At that time, Richard Nixon , US President . Henry Kissinger was his most important advisor on security and foreign policy. At that time, the USA endeavored to curb the influences or attempts at influence of the USSR in many countries around the world; Nixon operated a "twin pillar policy" (two-pillar policy) called policy, which was aimed at the Soviet influence in the Persian Gulf (especially in Iran and Saudi Arabia) curb.

Alternatives to the petrodollar

Petroeuro

The term Petroeuro is intended to express, analogously to “Petrodollar”, that trade in petroleum products is carried out in euros . It is a theoretical or conceptual term as the US dollar is currently the dominant currency.

In order to avoid an actual or perceived dependence on the USA , the most important single importer, but also to reduce the importance and value of the US currency, some countries have turned away from the US dollar and switched to the euro in the past made, for example Syria . The Iraq changed during the last years of the reign of Saddam Hussein on the euro but put under US leadership back to US dollars.

For March 2006, Iran planned to open its own oil exchange with the intention of trading exclusively in euros. As a result, it was speculated whether this could result in a euro-based price mechanism. In July 2007, the Iranian government demanded from its customers that they should no longer pay for Iranian oil in US dollars in the future. On February 17, 2008, the Iranian Oil Exchange was opened , based on the island of Kisch . Instead of euros, prices are mainly calculated in the local currency, the rial .

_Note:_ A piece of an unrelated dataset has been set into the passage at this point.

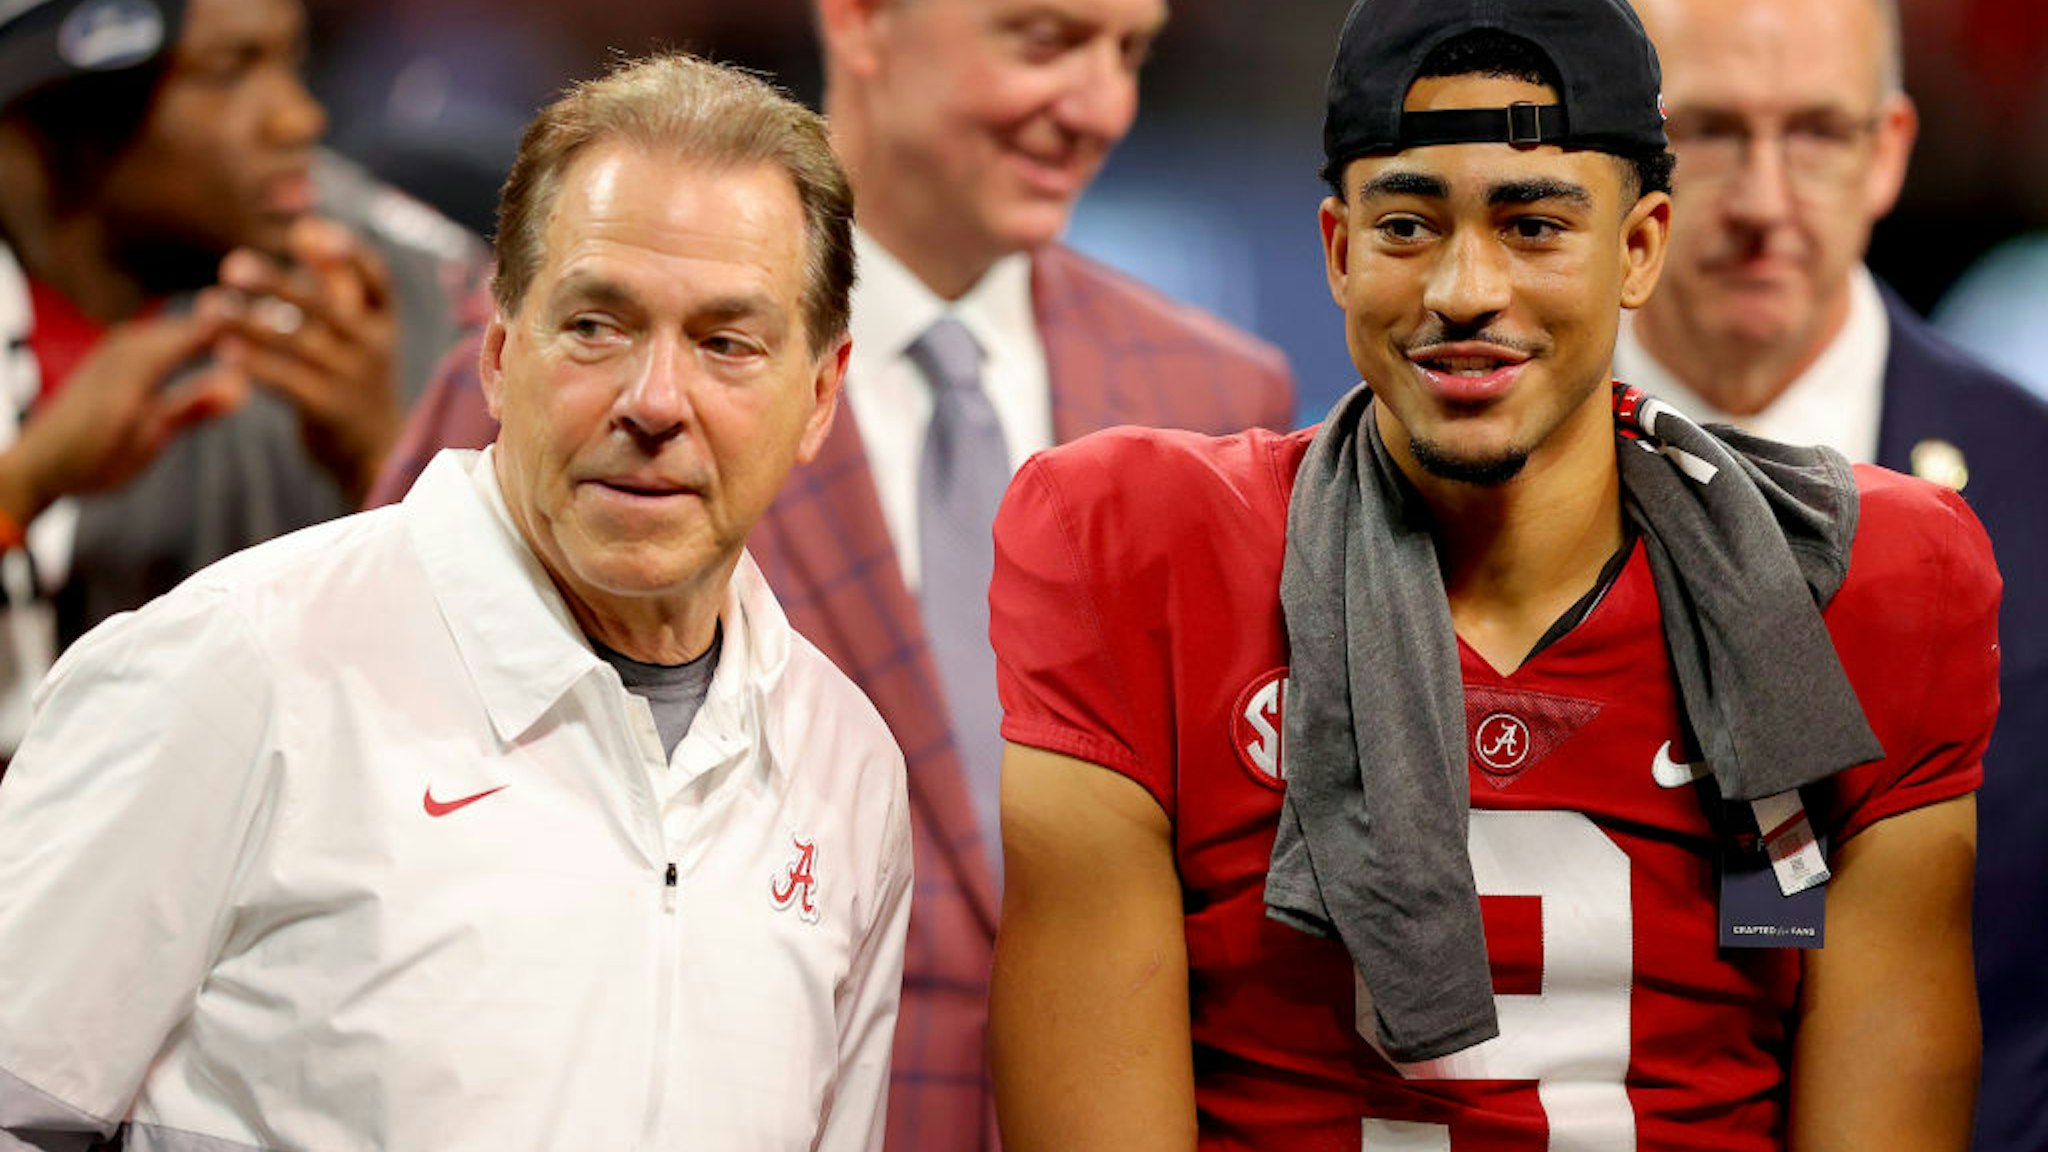 ATLANTA, GEORGIA - DECEMBER 04: Head coach Nick Saban of the Alabama Crimson Tide and Bryce Young #9 of the Alabama Crimson Tide celebrate their win against the Georgia Bulldogs in the SEC Championship game at Mercedes-Benz Stadium on December 04, 2021 in Atlanta, Georgia. (Photo by Kevin C. Cox/Getty Images)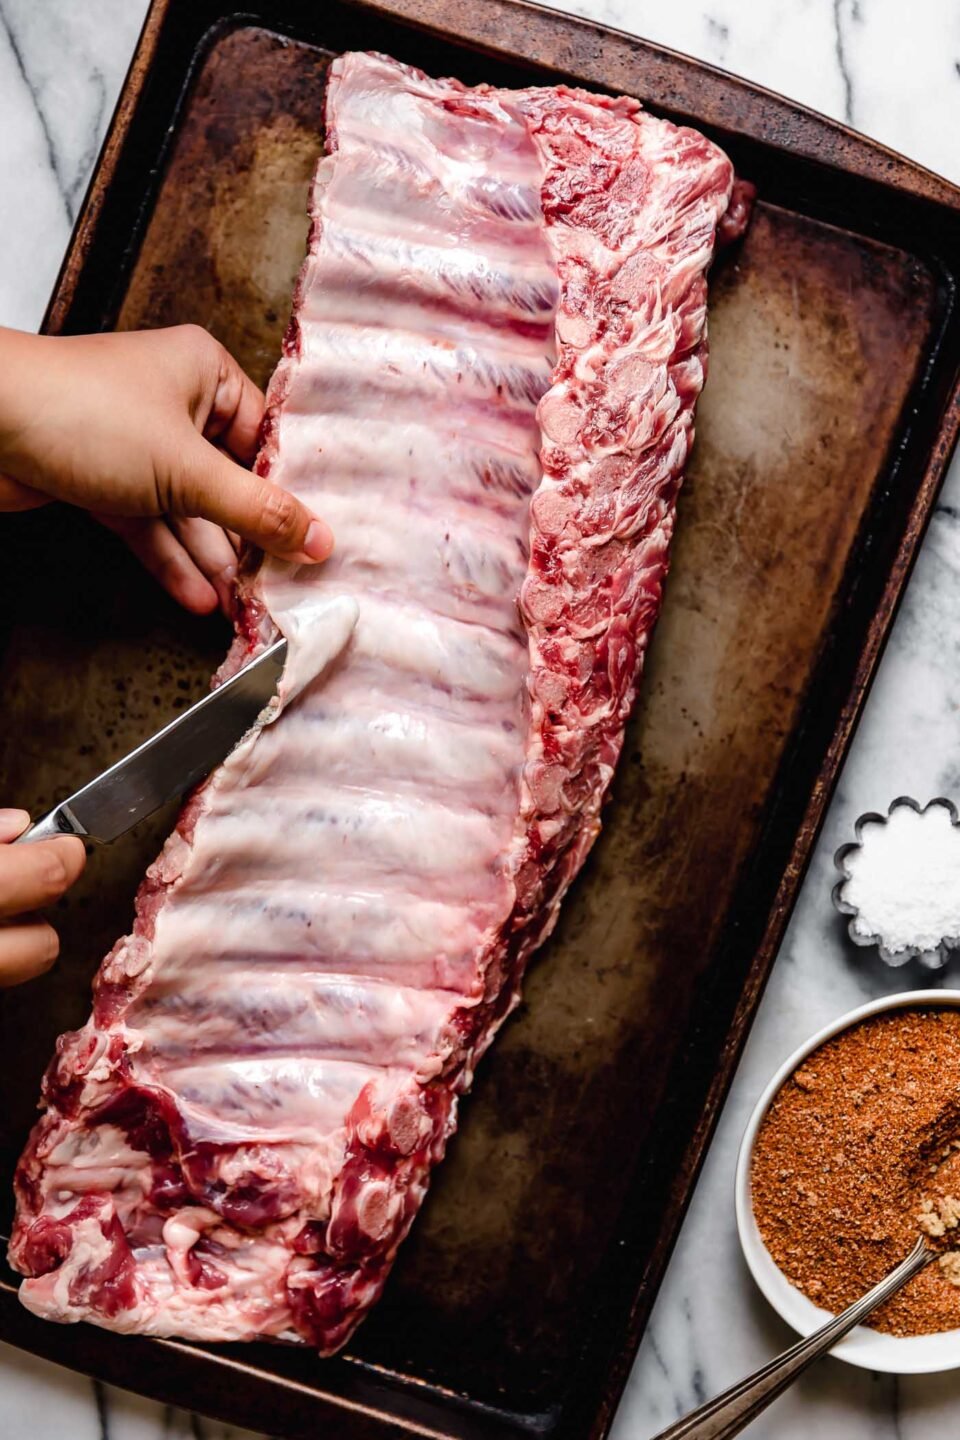 An overhead shot of raw baby back ribs on a sheet pan atop a white marbled surface, with a woman's hand holding a knife & removing the silverback membrane from the ribs. A small dish of dry rub and a small dish of salt sit alongside the pan.

International petro-currency basket

In October 2009, the British newspaper The Independent reported that the Gulf States , Russia , the People's Republic of China , Japan and France were conducting secret negotiations to replace the US dollar as the oil trading currency with a currency basket made up of the Chinese yuan as a currency in crude oil trading to replace the euro , the Japanese yen , a new common currency of the Gulf states and gold . According to the newspaper, nine years are planned for the transition. "The project means that the oil price will no longer be set in US dollars ," the newspaper quoted Chinese banking circles in Hong Kong as saying. Saudi Arabia rejected the newspaper report, which would lead to the weakening of the dollar, as "absolutely wrong".

literature

  • Cóilín Nunan: Petrodollar or Petroeuro? A new source of global conflict , in: Feasta Review , No. 2 (2002), pp. 125–129 ( PDF )
  • Elitza Mileva, Nikolaus Siegfried: Oil market structure, network effects and the choice of currency for oil invoicing . ECB Occasional Paper 77, December 2007 ( PDF )

See also

Web links

Wiktionary: Petrodollar  - explanations of meanings, word origins, synonyms, translations

Individual evidence

  1. Springer Fachmedien Wiesbaden (ed.), Compact Lexicon Economic Theory , 2013, p. 304
  2. The end of the petro-dollar from: Wirtschaftswoche, September 7, 2013, last accessed on March 13, 2014
  3. ^ Rainer Sommer (2006): Iranian Oil Exchange: Nonsense or Threat for the Dollar Hegemony?
  4. Roham Alvandi: Nixon, Kissinger, and the Shah: the origins of Iranian primacy in the Persian Gulf ( Memento of 20 July 2013, Internet Archive ) (2012). Diplomatic history, 36 (2). pp. 337-372. ISSN  1467-7709 . doi : 10.1111 / j.1467-7709.2011.01025.x For the term "Twin Pillar" see pages 3, 24 and 36.
  5. ^ Toni Straka: Killing the dollar in Iran . In: Asian Times , August 26, 2005.
  6. “Japan pays Iranian crude oil in yen” , Rohstoffwelt , September 6, 2007.
  7. ^ First phase of Iran oil bourse inaugurated on Kish island IRNA , February 17, 2008.
  8. ^ "Saudi Arabia denies weakening of the dollar" ( Memento of October 11, 2009 in the Internet Archive ), Wirtschaftsblatt Österreich , October 6, 2009.